ROCKVILLE, Md., March 2, 2018 /PRNewswire/ -- RegeneRx Biopharmaceuticals, Inc. (OTCQB: RGRX) ("the Company" or "RegeneRx"), a clinical-stage drug development company focused on tissue protection, repair and regeneration, today announced that it entered into a Warrant Reprice Agreement whereby it received $1.03 million in warrant exercise proceeds. This is in connection with a previous securities purchase agreement between the Company and Sabby Healthcare Master Fund, Ltd., and Sabby Volatility Warrant Master Fund, Ltd. dated June 27, 2016 whereby the Company also issued warrants to purchase 5,147,059 shares of common stock at an exercise price of $0.51 per share. Under the terms of the Reprice Agreement, in consideration of exercising in full all of the warrants, the exercise price per share of the warrants was reduced to $0.20 per share. In addition, and as further consideration, the Company issued new warrants to purchase up to the number of shares of common stock equal to 75% of the number of Warrant Shares issued pursuant to the Warrant Exercise (the "New Warrants") for a period of up to three and one-half years at an exercise price per share equal to $0.2301 per share, the closing bid price for the Company's Common Stock on February 28, 2018.

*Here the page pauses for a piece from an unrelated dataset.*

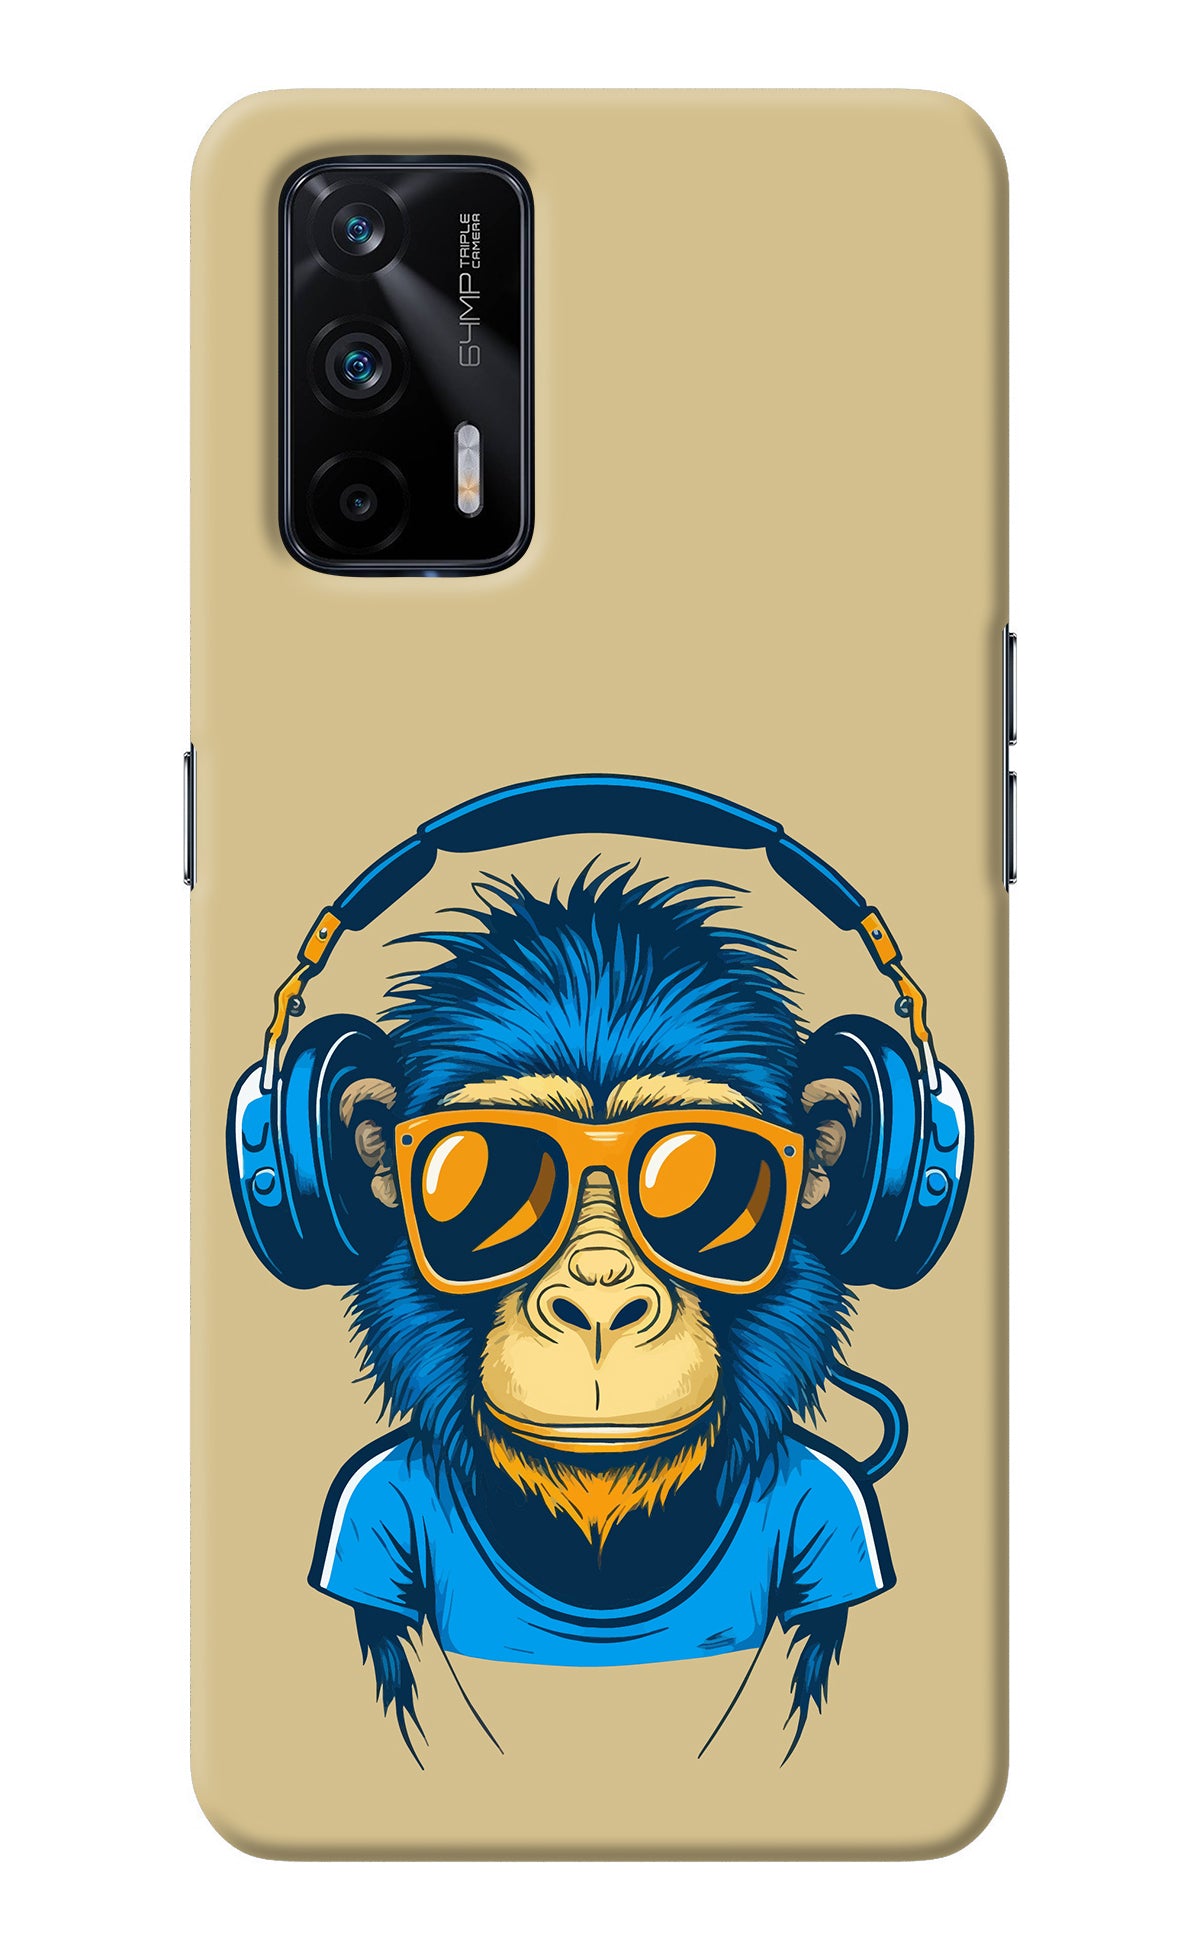 Monkey Headphone Realme X7 Max Back Cover
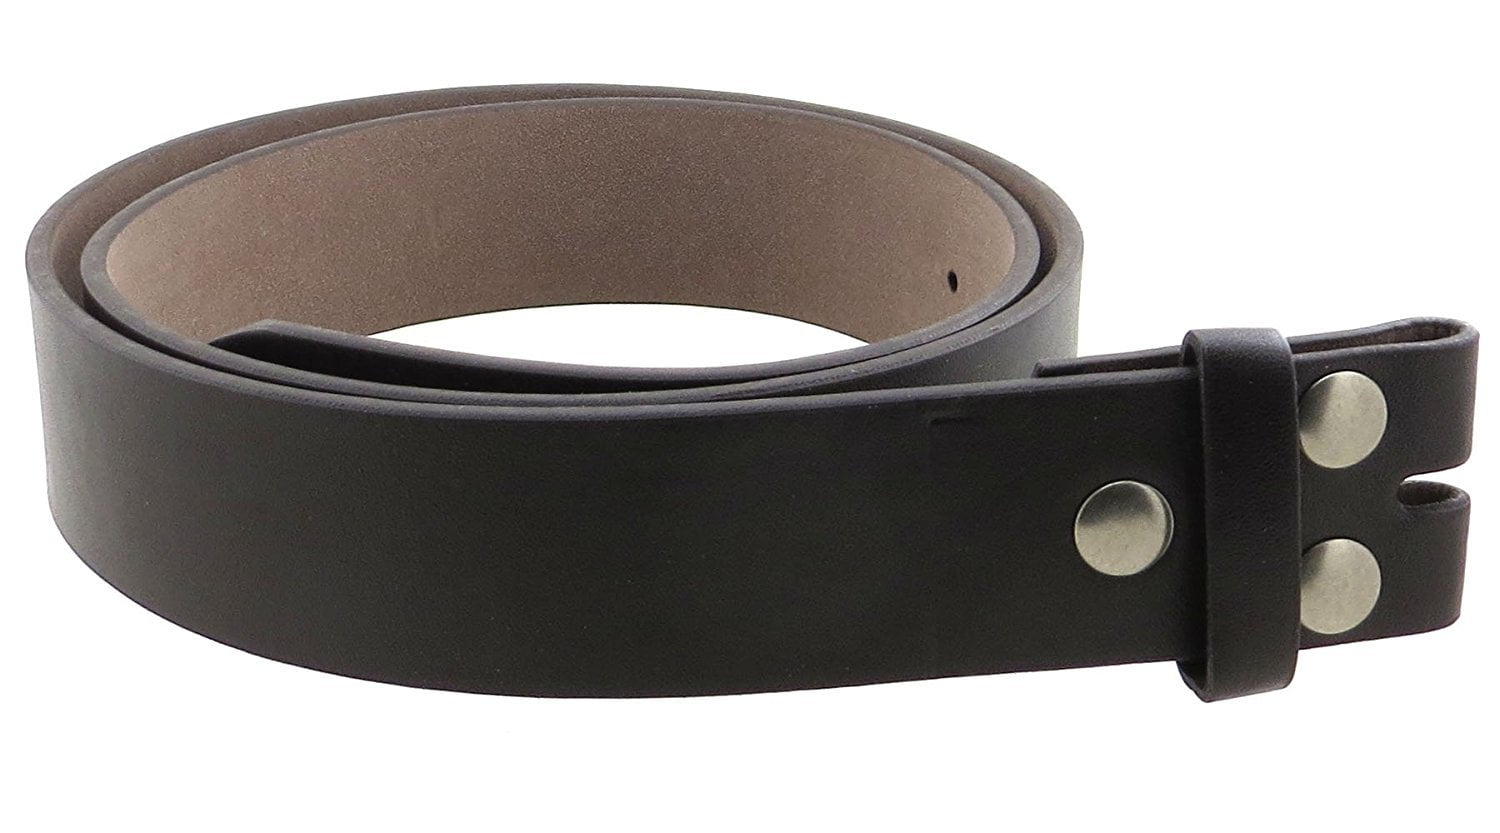 Snap on Genuine Leather Belt Strap Black & Brown Sizes 32" TO 44" 1.5" Wide Belt

The warrant exercise proceeds should fund current operations into 2019.
Maxim Group LLC served as warrant solicitation agent.
About RegeneRx Biopharmaceuticals, Inc. (www.regenerx.com)
RegeneRx is focused on the development of novel therapeutic peptides, including Thymosin beta 4 (Tß4) and its constituent fragments, for tissue and organ protection, repair and regeneration. RegeneRx currently has three drug candidates in clinical development for ophthalmic, cardiac and dermal indications, three active strategic licensing agreements in the U.S., China, and Pan Asia (Korea, Japan, and Australia, among others), and has patents and patent applications covering its products in many countries throughout the world.
RegeneRx, through its U.S joint venture, ReGenTree LLC, recently completed patient enrollment and treatment in its second Phase 3 clinical trial in approximately 600 patients with dry eye syndrome, reported positive clinical results, and has scheduled a meeting with the U.S. FDA in April 2018. ReGenTree is also conducting a 46-patient Phase 3 clinical trial in patients with neurotrophic keratopathy (NK) targeted for completion in 2018. Additionally, RGN-259 is being developed in patients with dry eye syndrome in Asia through RegeneRx's two Asian partnerships. RGN-259 has been designated an orphan drug in the U.S. for the treatment of NK.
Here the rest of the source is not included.